US 12,248,938 B2
Systems and methods for blockchain based identity assurance and risk management
Agasthya P. Narendranathan, San Ramon, CA (US); and James M. Dzierzanowski, Gilbert, AZ (US)
Assigned to NEUROSYMBOLIC AI-IP, LLC, Gilbert, AZ (US)
Filed by NEUROSYMBOLIC AI-IP, LLC, Gilbert, AZ (US)
Filed on Mar. 14, 2022, as Appl. No. 17/693,766.
Application 17/693,766 is a continuation of application No. 16/846,677, filed on Apr. 13, 2020, granted, now 11,321,718.
Application 16/846,677 is a continuation of application No. 16/037,986, filed on Jul. 17, 2018, abandoned.
Claims priority of provisional application 62/533,241, filed on Jul. 17, 2017.
Claims priority of provisional application 62/641,905, filed on Mar. 12, 2018.
Prior Publication US 2022/0198458 A1, Jun. 23, 2022
This patent is subject to a terminal disclaimer.
Int. Cl. G06F 21/60 (2013.01); G06F 21/62 (2013.01); G06Q 20/40 (2012.01); H04L 9/00 (2022.01)

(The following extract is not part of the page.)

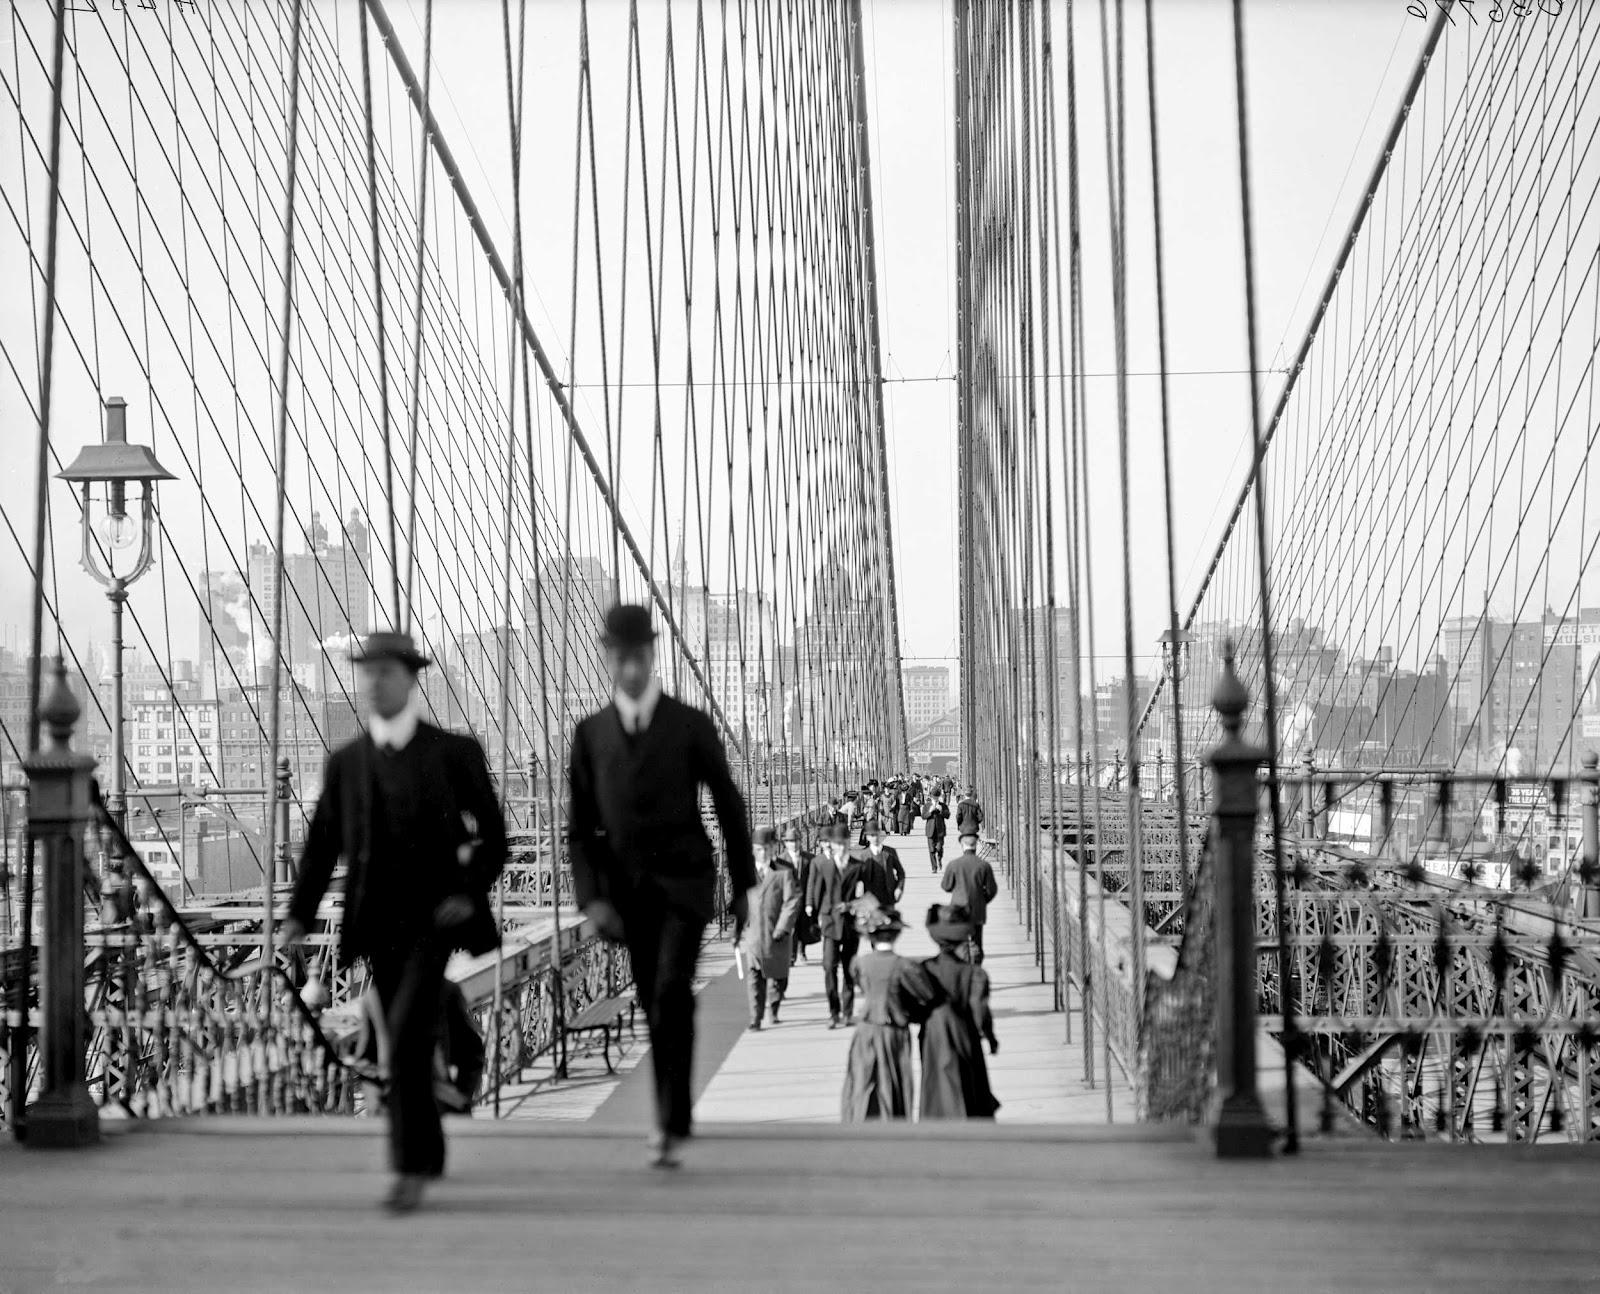 Brooklyn bridge new york 1905 1920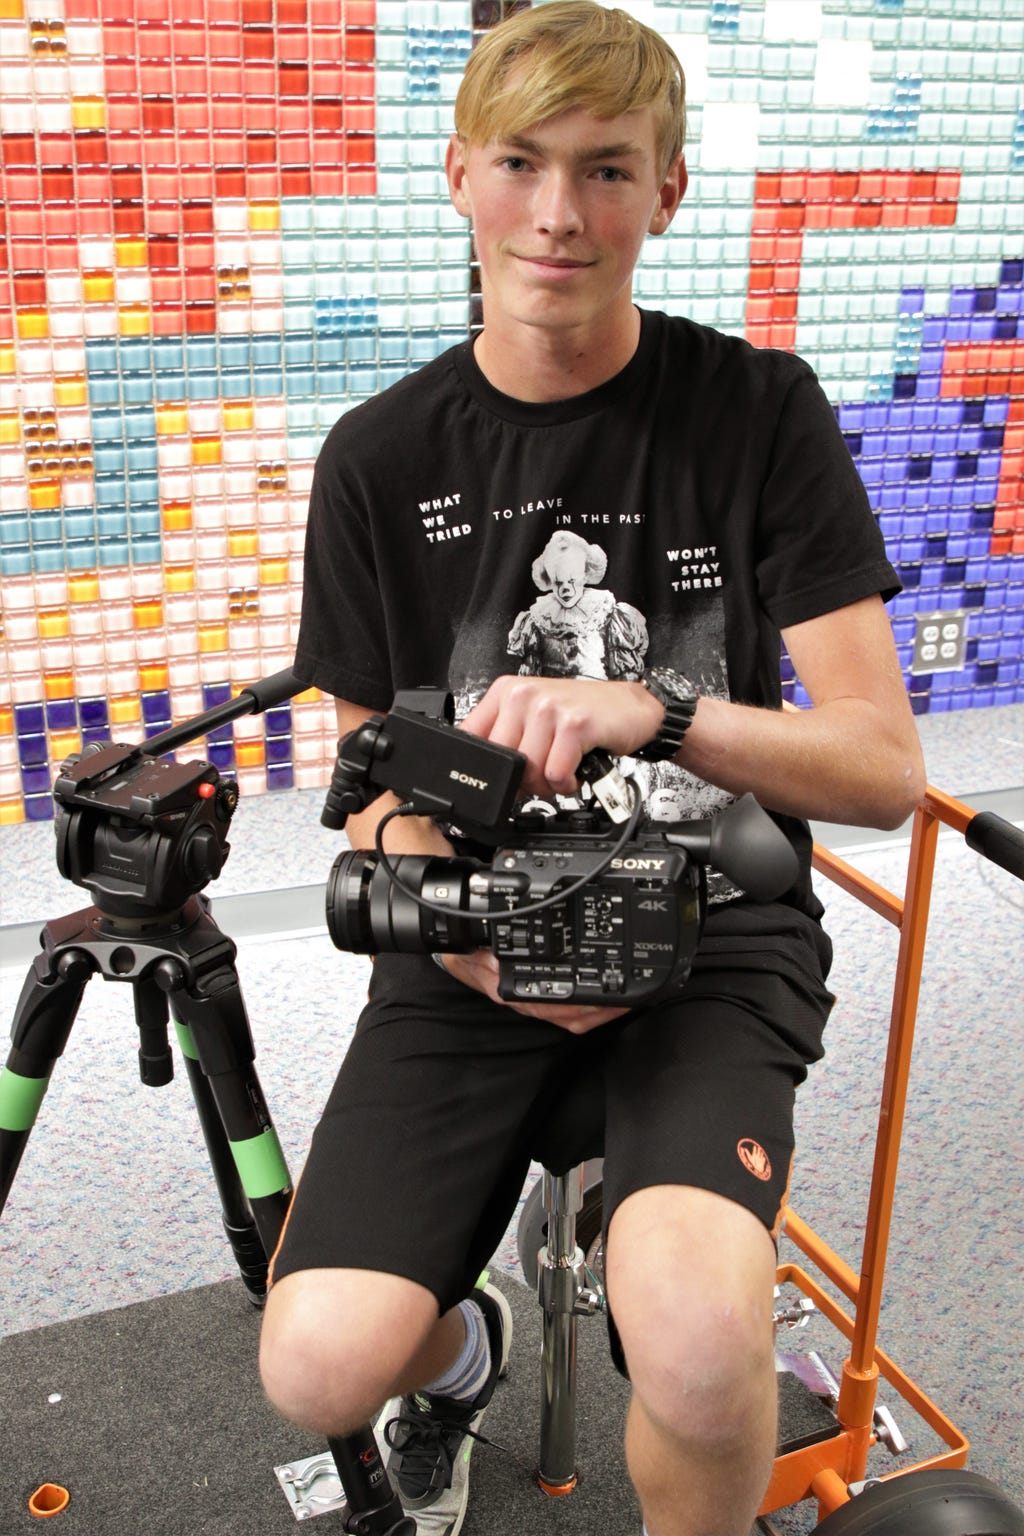 San Juan College student Carl Keller displays a video camera from the school's digital arts program.

CPC G06Q 20/4016 (2013.01) [G06F 21/602 (2013.01); G06F 21/6245 (2013.01); H04L 9/50 (2022.05)] 20 Claims
OG exemplary drawing
 
1. A method comprising:
receiving, by a processor, a first identity attribute;
determining, by the processor, a corresponding first Level of Assurance (LOA) based on the first identity attribute and a first attribute history;
receiving, by the processor, a second identity attribute;
determining, by the processor, a corresponding second LOA based on the second identity attribute and a second attribute history;
defining, by the processor, a Self-Sovereign Identity (SSI) based on the first identity attribute, the second identity attribute, the first LOA, and the second LOA;
receiving, by the processor, raw data comprising at least one of internet protocol data, device fingerprint data, browser fingerprint data, unique user data, session ID data, local time, remote time, or transaction data;
applying, by the processor, predictive modeling techniques to the raw data;
generating, by the processor, a predictive data set based on the applied predictive modeling techniques;
determining, by the processor, a threshold for a threshold based action, based on a machine learning technique applied to the predictive data set and feedback inputs including at the least one of the internet protocol data, the device fingerprint data, the browser fingerprint data, the unique user data, the session ID data, the local time, the remote time, or the transaction data; and
performing, by the processor, the threshold based action, wherein the threshold based action includes at least one of an alert, a challenge, a block, or a lock.